In my middle school, the loudspeaker blasted “Proud to Be An American” as sung by Toby Keith daily after we recited the pledge.
“And I’m proud to be an American, where at least I know I’m free.” – “I’m Proud to Be An American”, Toby Keith
Will I ever be free?
Will my parents ever be free?
Will my fellow Asian Americans ever be free?
Will Black, LatinX, Indigenous, and all marginalized groups ever be free?
Will America ever be free?
When you closed your eyes and imagined an American, did your own reflection come into the view of your eyes? Did you envision yourself? Are YOU free? Do you want to be free in America?
But questioning all of this, isn’t enough.
“I don’t want your love and light if it doesn’t come with solidarity and action.” – Rachel Cargle
My mother survived the “Cultural Revolution” in China.

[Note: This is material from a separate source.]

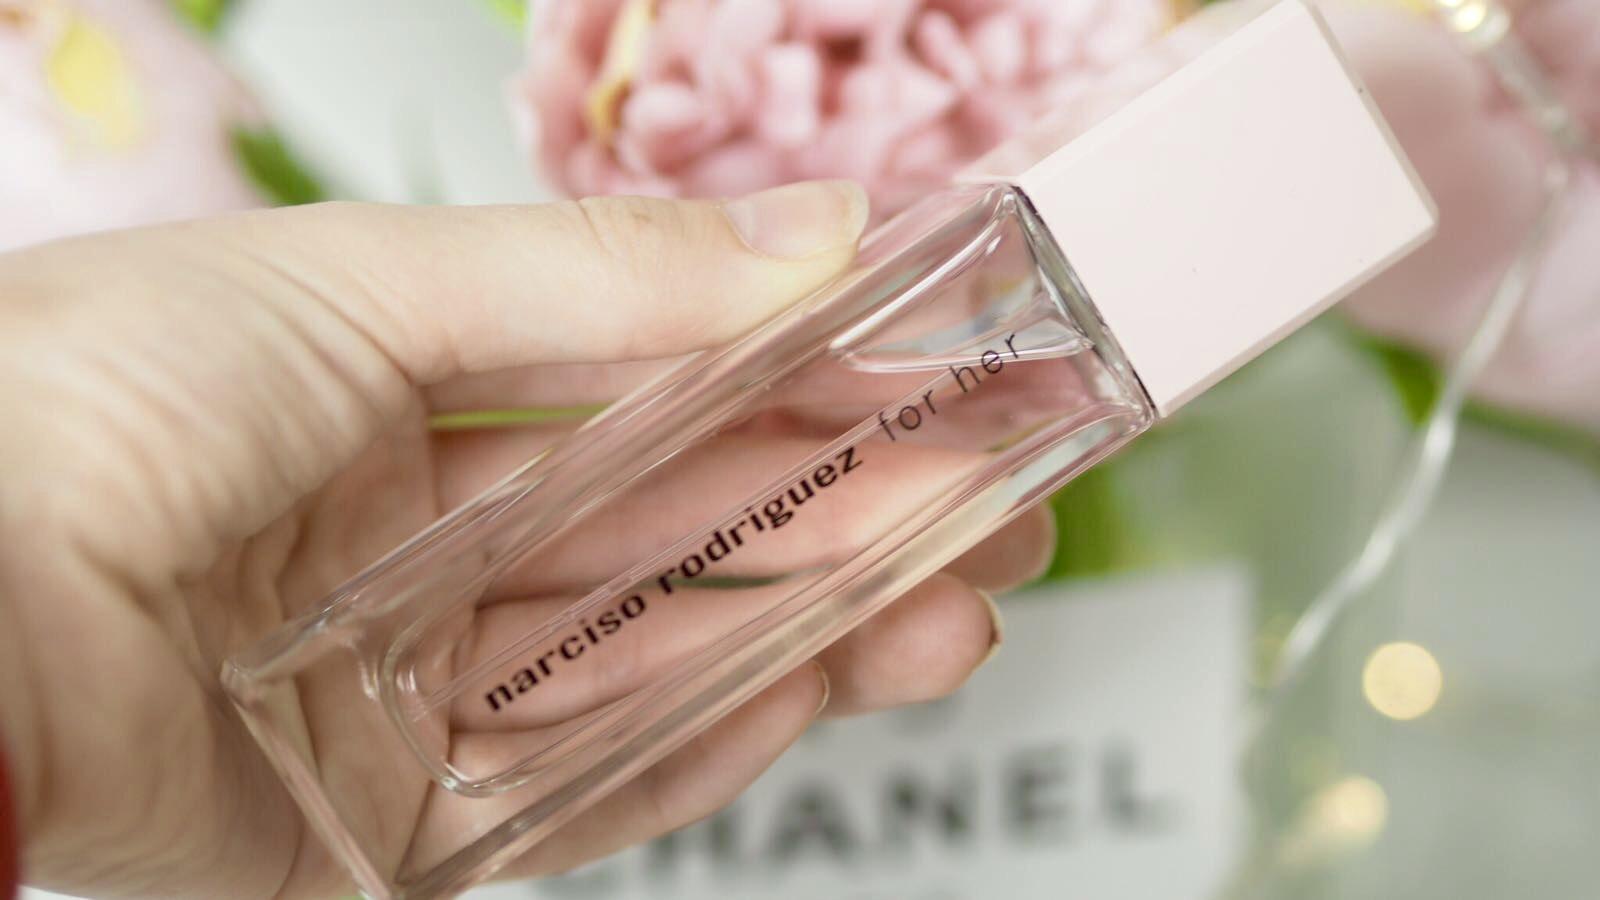 perfume, narcissi rodriguez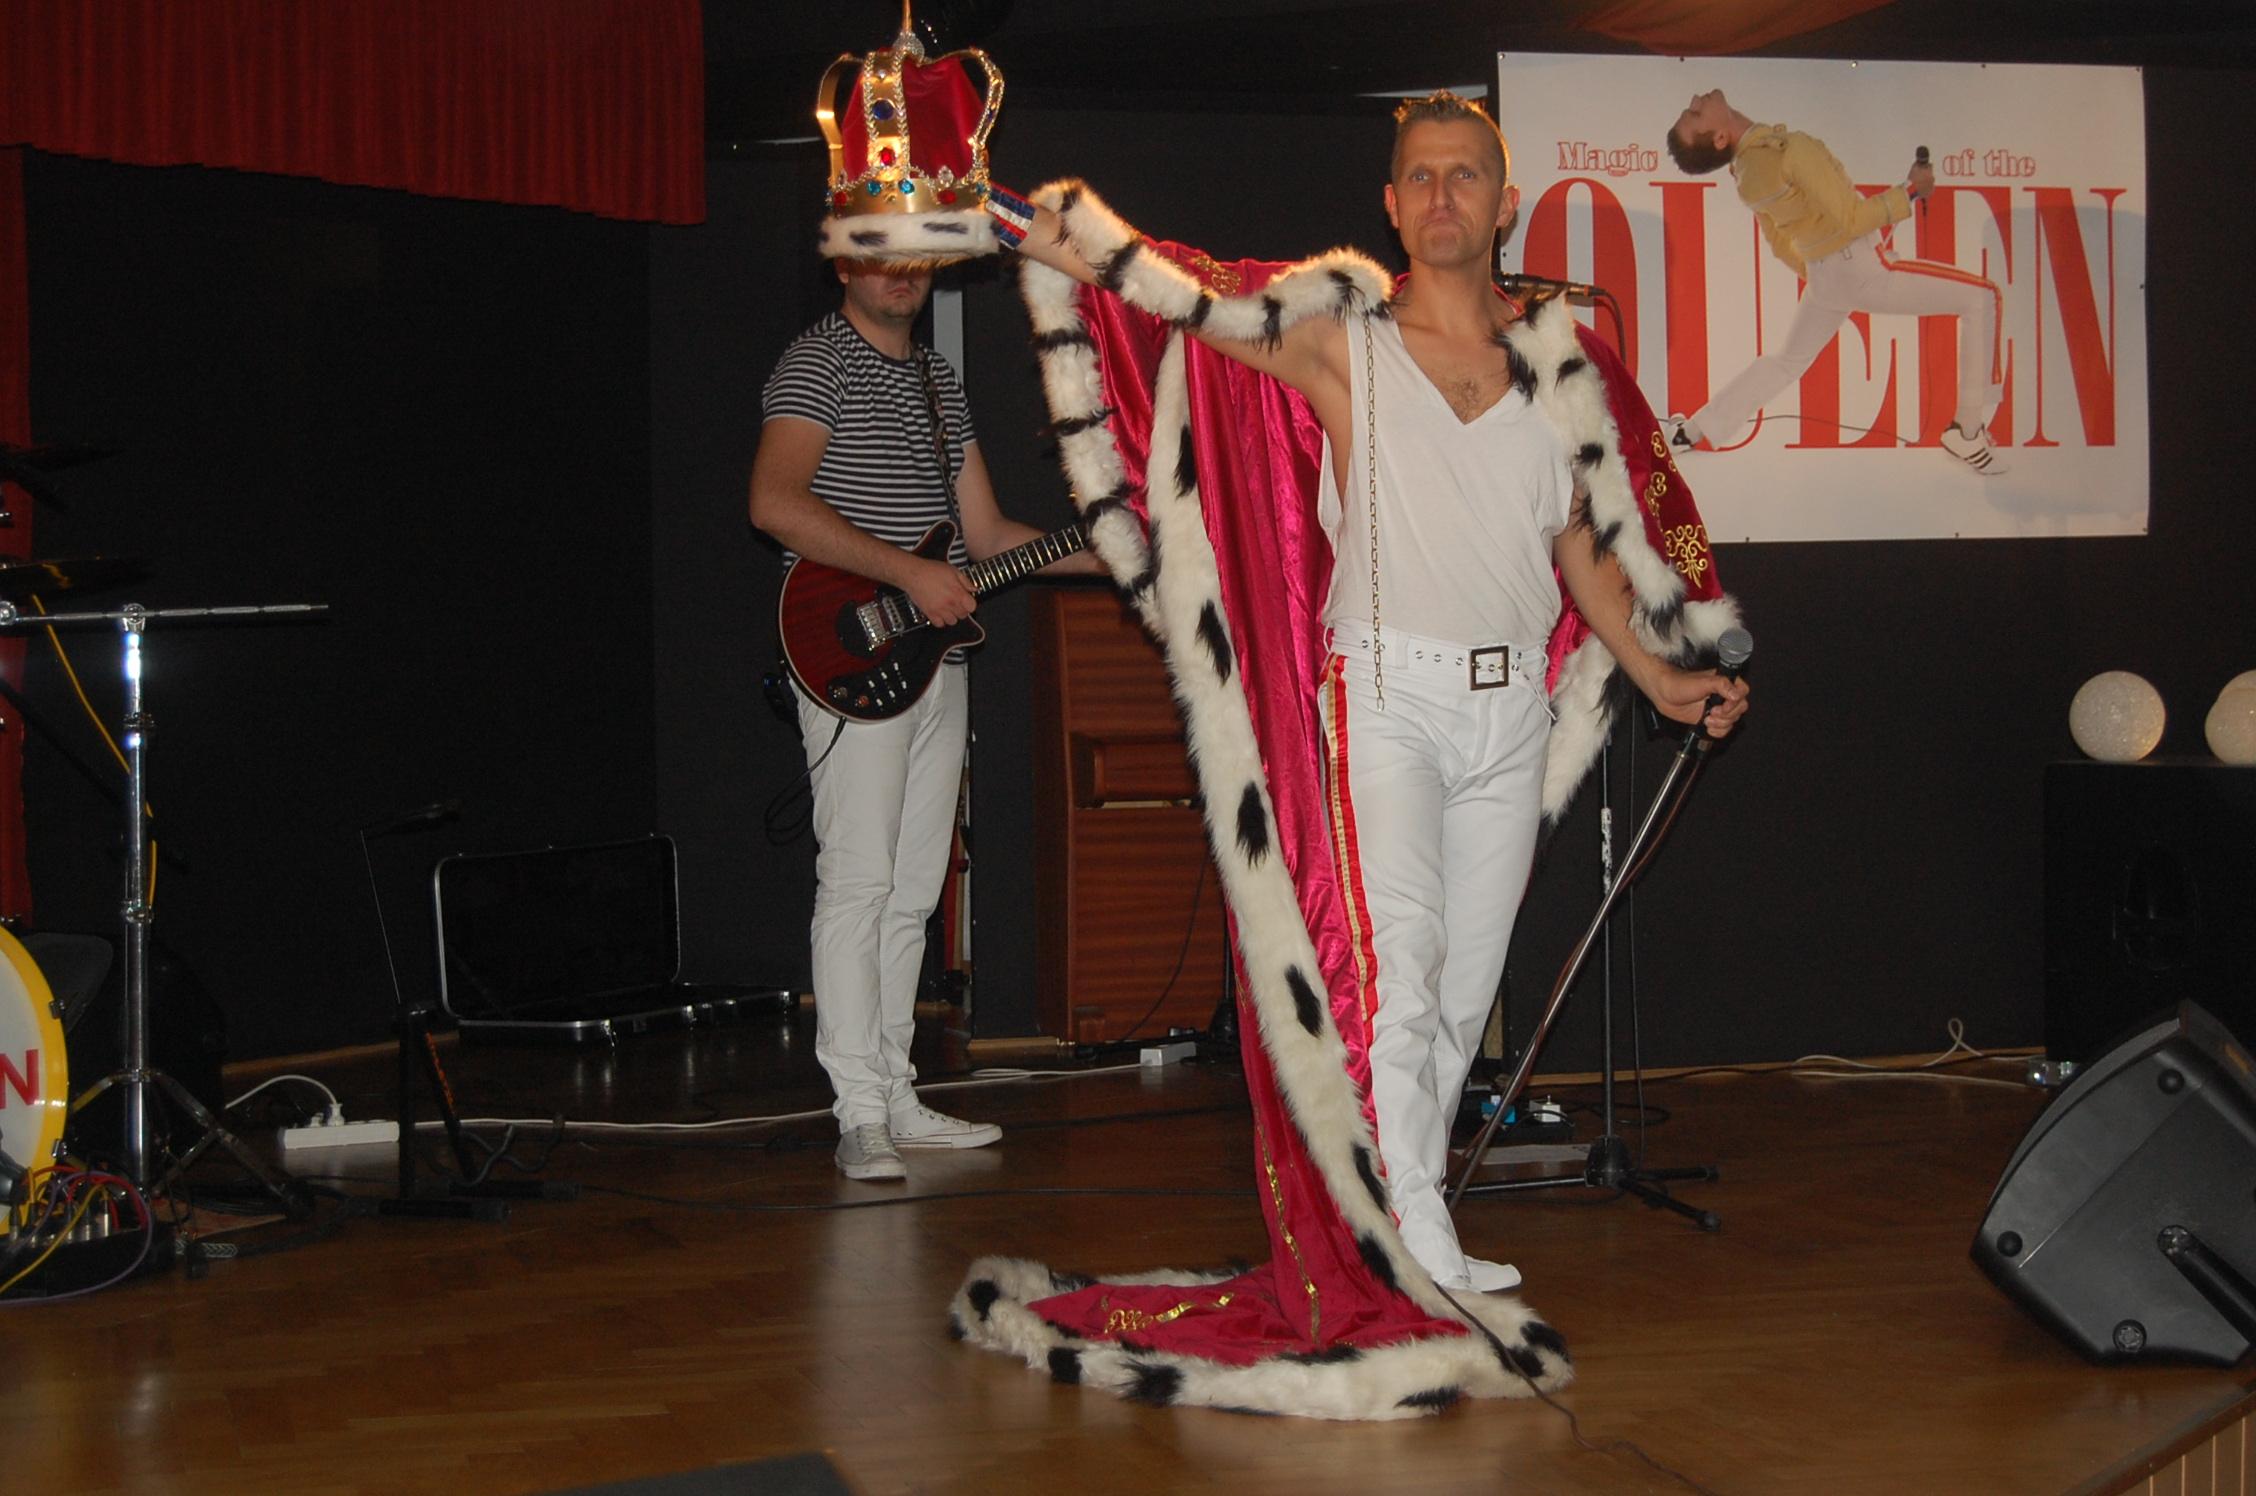 Koncert MAGIC OF THE QUEEN za nami!

By the way, “Cultural Revolution” is read as cease all education, subscribe or die from the Mao Zedong’s Little Red Book, starve every day of your childhood, shut up or else during the house raids at my grandparents’ house, and the death of my grandfather – based on the little that my mother has told me.
I don’t know that I’ll ever be or feel fully free, but the one freedom I will never cease to use is my freedom of speech. My mom didn’t have it, and is terrified to use it now. I don’t blame her, but I can’t sit silent. Because of my parents immigrating here, I have this right, whether my “fellow Americans” acknowledge me and the fact that I can exercise it or not. I carry a lot of privilege to be able to use it, even if I feel it diminishing these days. But I have to take my chances.
Vaccines are never 100% effective, and I don’t know if any will be created that are in my lifetime. There’s one I’m testing out now, every single day and in all aspects of my personal and professional life.